Enabling Agents to Take Action
Chapter 7: Enabling Agents to Take Action
Introduction
Earlier chapters were about generating content. The three patterns here cross the line into agentic behavior: letting LLMs interact with the world. Tool Calling (21) lets the model invoke external functions. Code Execution (22) lets it run code in a sandbox. Multiagent Collaboration (23) orchestrates multiple specialized agents through hierarchical, peer-to-peer, or market-based architectures. Together with Reflection (Pattern 18), these patterns are usually considered the threshold beyond which an LLM application becomes an agent.
Pattern 21 — Tool Calling
Tool Calling lets an LLM invoke an external function by emitting special tokens with the function name and arguments. A client-side postprocessor calls the function and feeds the result back to the LLM.
Problem
Multimodal LLMs generate content. They can write "Book one seat on TK 161…" but can't actually book a flight, issue a refund, or move money. RAG (Chapters 3-4) injects new information but doesn't act.
Solution
The LLM is trained to emit a structured tool-call token when it determines a function should be called:
[CALL_TOOL: book_flight, TK 161, 2025-06-12, Economy]
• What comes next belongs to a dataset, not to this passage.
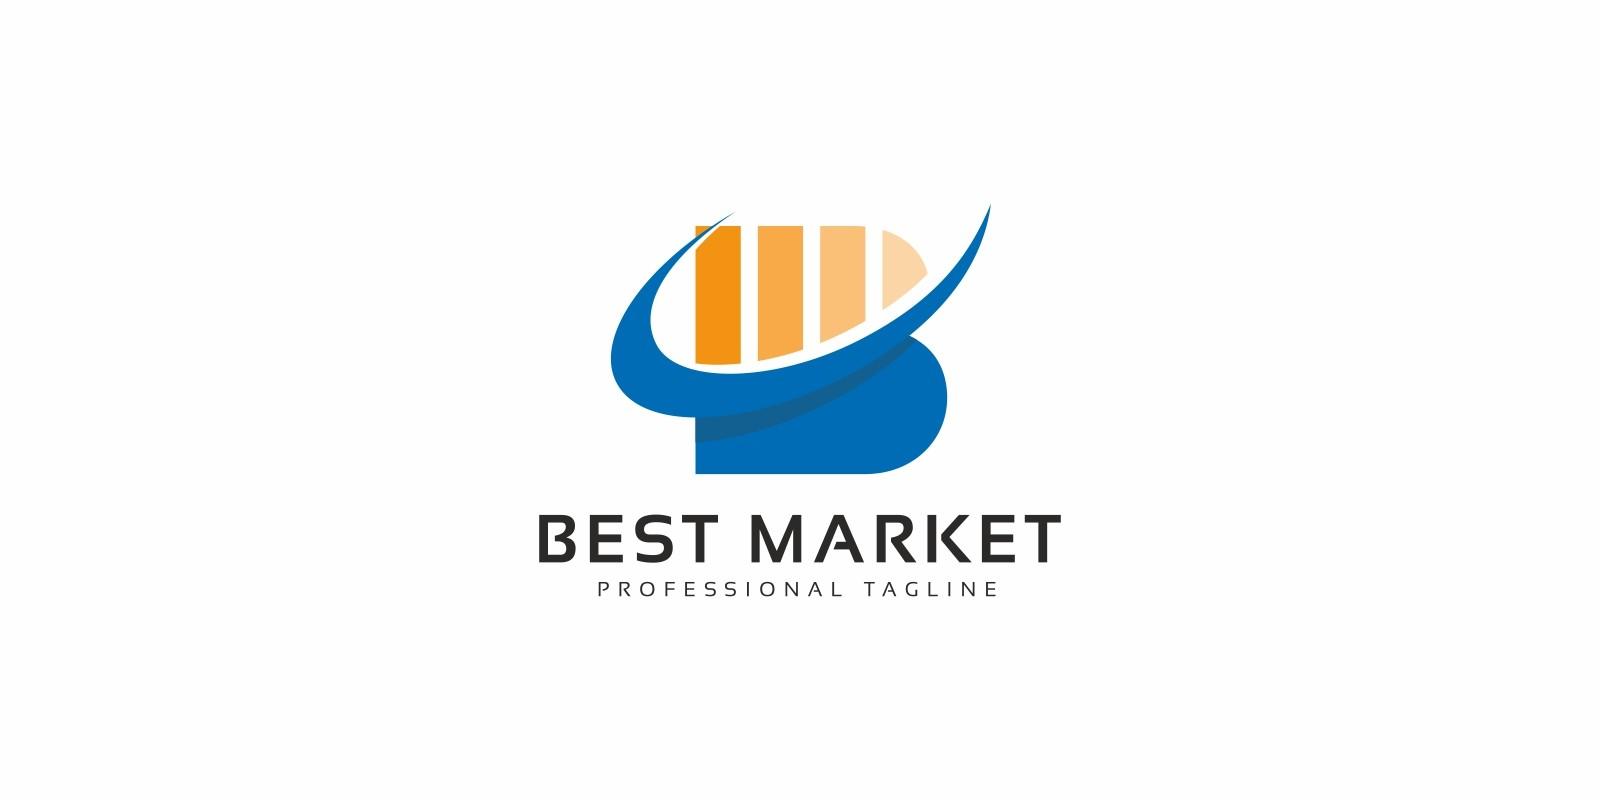 Best Market B Letter Logo

A client program parses the call, invokes book_flight(...), and substitutes the result back:
Thanks for booking a flight with us!
Here's your flight confirmation:
{fd.flight_number}
...
I have billed your {fd.payment_method} for {fd.invoiced_amount}.
What Tool Calling unlocks
Up-to-date knowledge (current news, weather, stock prices). Personalization through email, calendar, and similar connectors. Enterprise APIs against internal databases and search engines. Calculations through calculators, GIS, and optimization solvers. And ReAct (Reasoning + Acting), which interleaves CoT with tool calls so the model adapts its plan based on tool outputs. ReAct is just CoT plus Tool Calling, so it isn't a separate pattern in this book.
A note on naming. Toolformer was the inventors' term. Andrew Ng and Anthropic call it Tool Use. OpenAI and Gemini call it Function Calling. The book uses "Tool Calling" because tool is more general than function (covers APIs and remote proxies) and calling emphasizes that the LLM only emits the name. The client invokes.
OpenAI Function Calling (Low-Level)
Step 1: Implement the function
@dataclass
class BookingData:
...
class CabinClass(Enum):
...
def book_flight(flight_code: str,
departure_date: datetime,
cabin_class: CabinClass,
passenger_details: List[PassengerInfo]) -> BookingData:
response = requests.post("https://api.turkishairlines.com/...", json={...})
booking_data = response.json()
return BookingData(**booking_data)
Step 2: Pass tool definitions to the LLM
tools = [{
"type": "function",
"name": "book_flight",
"description": "Books a flight using the airline API",
"parameters": {
"type": "object",
"properties": {
"flight_code": {"type": "string",
"description": "IATA flight code like AA 123"},
"departure_date": {"type": "string",
"description": "YYYY-MM-DD format..."},
"cabin_class": {"type": "string",
"enum": ["economy", "premium_economy", "business", "first"],
"description": "Class of travel"},
...
}
}
}]
response = client.responses.create(
model="gpt-4.1",
input=[{"role": "user",
"content": "Book me an economy class ticket from Mauritius to Istanbul on June 12..."}],
tools=tools,
)
Tool functions need self-descriptive names and clear descriptions. The model uses them to decide when and how to call.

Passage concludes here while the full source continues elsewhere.